Ziv Keidar and Eitan Bentora

In this Project we created a module writing original chords and lyrics using HuggingFace's T5.
The models in the project were trained on a dataset we created by web-scraping the website e-chords. Our goal in this project was to take a step in the direction of an AI model preforming all the steps in writing and composing songs. This file explains our process in this project including failed trials and reproduction instructions.

Data

Since we did not find any dataset available containing lyrics and chords, we web-scraped a new dataset.
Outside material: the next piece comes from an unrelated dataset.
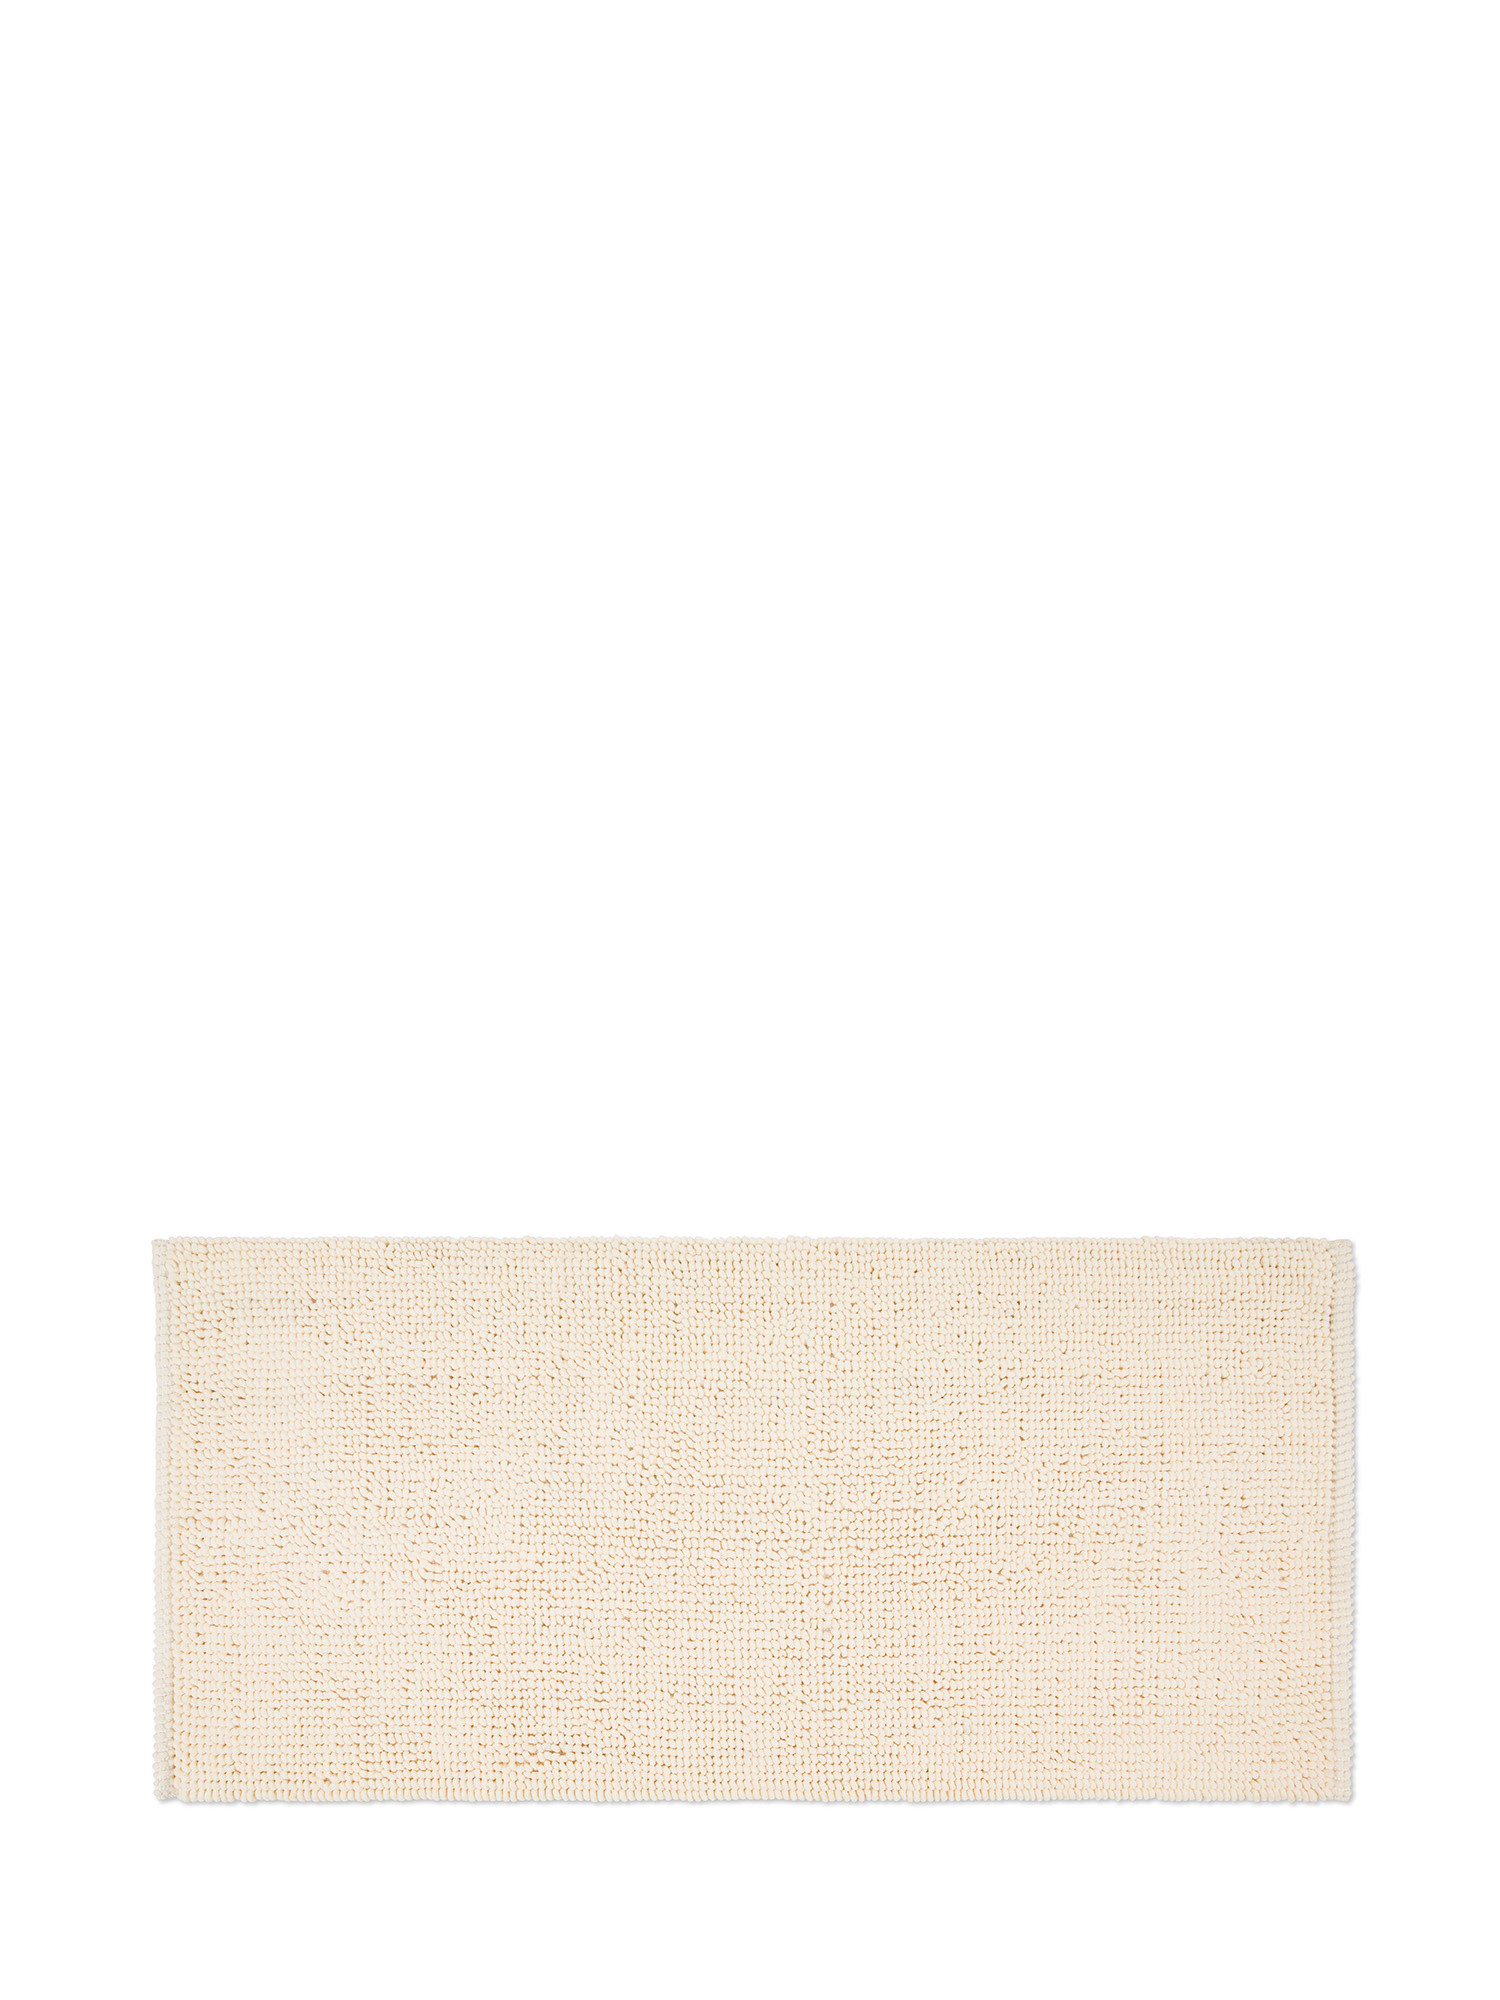 Мохнатый коврик для ванной Coincasa, светло-бежевый белоснежный детский игровой коврик коврик для ванной нескользящий коврик для ванной комнаты абсорбирующий мультяшный коврик нескользящ

The created dataset can be found in chords-and-lyrics-dataset

Scraping the data:

Used the Spotify artists.csv file containing information about 1,104,349 artists including a popularity metric and artist's genres
Used the names in the Spotify dataset to find all the artists' songs on the website e-chords
Downloaded all the artists' songs and chords that were available on e-chords
The song's chords lyrics and tabs were all raw text, for example:

Capo on 3rd fret
\t  \t\t 

\r
Verse 1:
G             G/B                         C 
  Do you love the rain, 
does it make you dance

The code for the web-scraping can be found in: /Project/Code/WebScraping

Data cleaning

Split the songs into three parts
- Tabs dict
- Chords dict
- Lyrics dict

In each of these dicts the key was the line number in the original song and the value was a line of tabs chords or lyrics. 2. Predicting the language of every song using langdetect based on the lyrics of the song. 3. Keeping only songs in English. (The original dataset has many songs in Portuguese Spanish and more) 4. The code for the data cleaning can be found in: /Project/Code/DataCleaning

Models

Chords and Lyrics Model - version 1 (unsuccessful):

Predicting tabs chords and lyrics together

For this model we used the songs lyrics tabs and chords combined.
Replaced \n with <n>, multiple spaces with <s(n_spaces)> and tabs with <t>
Used the t5-base model.
Trained the model on the classic T5 fill in the blanks task.
Each song was fed to the model in the following format:
'Fill song <list of song's genres> : \n <song name> <song's chords tabs and lyrics combined, with missing parts for fill-in-the-blanks>'
The model's result were extremely messy and did not capture the format of a song and chords.
Result example: (input was 'summarise song [pop]: The game of chance')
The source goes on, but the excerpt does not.